Second, even if we accept Saffarinia's claim of variance, it was decidedly not prejudicial. Relevantly, "a discrepancy between the facts alleged in an indictment and the evidence actually proffered may be cause for a new trial if the divergence prejudiced the defendant by depriving him of notice of the details of the charge against him." United States v. Emor, 573 F.3d 778, 786 (D.C. Cir. 2009) (quotation omitted). Here, Saffarinia's claim of lack of notice hinges on his discovery strategy: he argues that he would have reviewed the Government's production differently and sought additional discovery had he been on notice of the Government's intention to offer evidence of the CIGIE/FBI investigation at trial. However, as the record shows, the Government produced a considerable amount of discovery concerning the CIGIE/FBI investigation. Saffarinia fails to offer any reason to think that further discovery would have led him to new relevant information concerning the CIGIE/FBI investigation or that it would have materially affected his honest-mistake strategy at trial.

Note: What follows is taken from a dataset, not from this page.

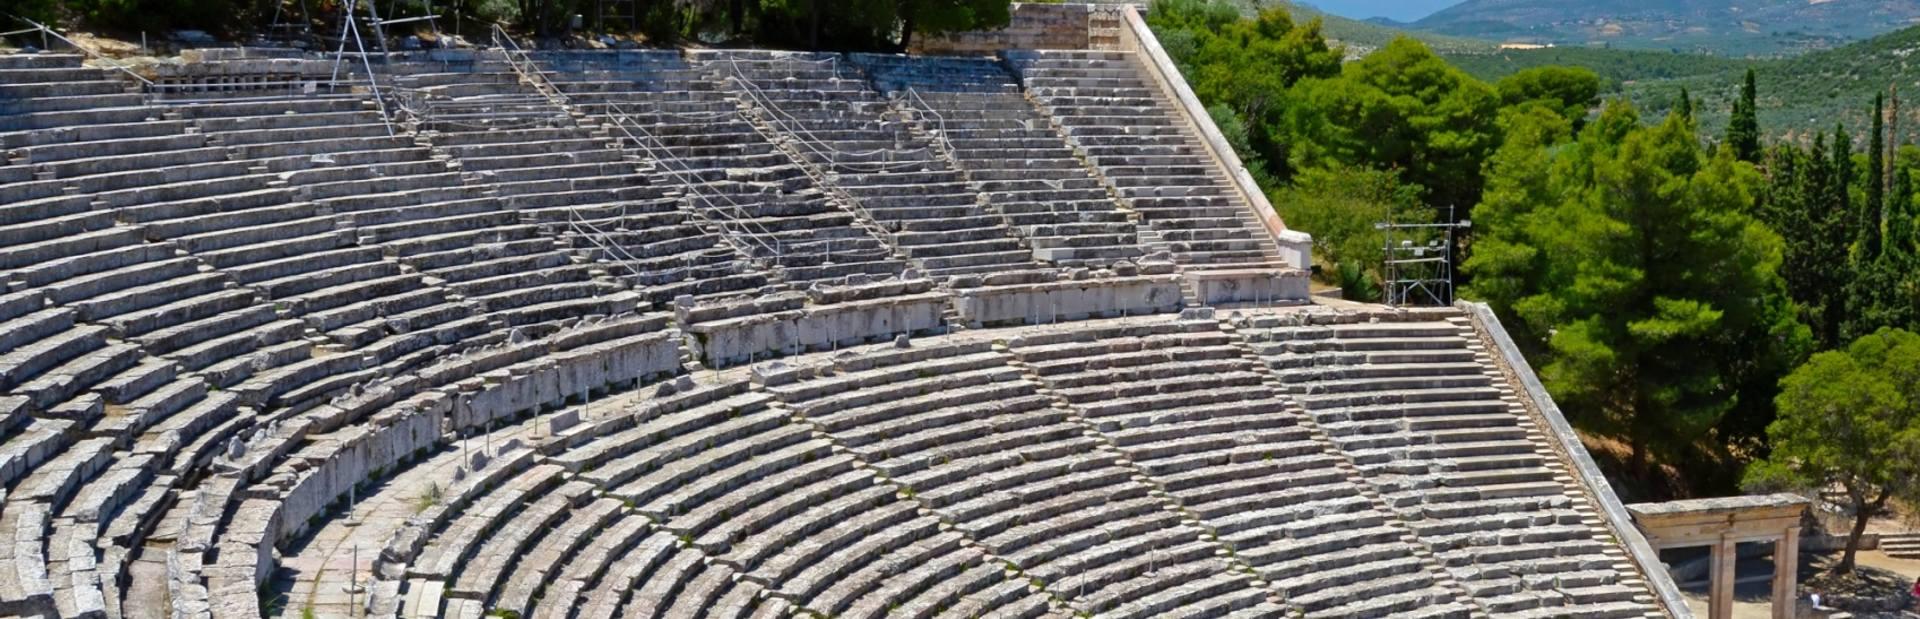 Epidavros charter itineraries

D. Sufficiency of Evidence
Finally, the record before us convincingly shows that the evidence presented at Saffarinia's trial was sufficient to support his conviction. The witness testimony presented by the Government demonstrated that Saffarinia's failure to disclose the loans he received impeded HUD and OGE's ability to investigate possible conflicts of interest. As the Government's evidence made clear, HUD's investigations of potential conflicts of interest depend on accurate information in employees' Forms 278. Saffarinia quibbles with the formality with which the Forms 278 are reviewed. However, as we have already noted, his argument misunderstands the proper scope of the statute, which contains no formality requirement. Free from this misreading, there is no question that a jury could reasonably have found Saffarinia intended to obstruct HUD's investigation into conflicts of interest or proper administration of its Forms 278 review based on the evidence presented at trial.
As to Saffarinia's other challenges to the jury instructions and the District Court's evidentiary rulings, we find no merit in them. We reject these claims as well.
III. CONCLUSION
For the above reasons, we affirm the District Court's judgment.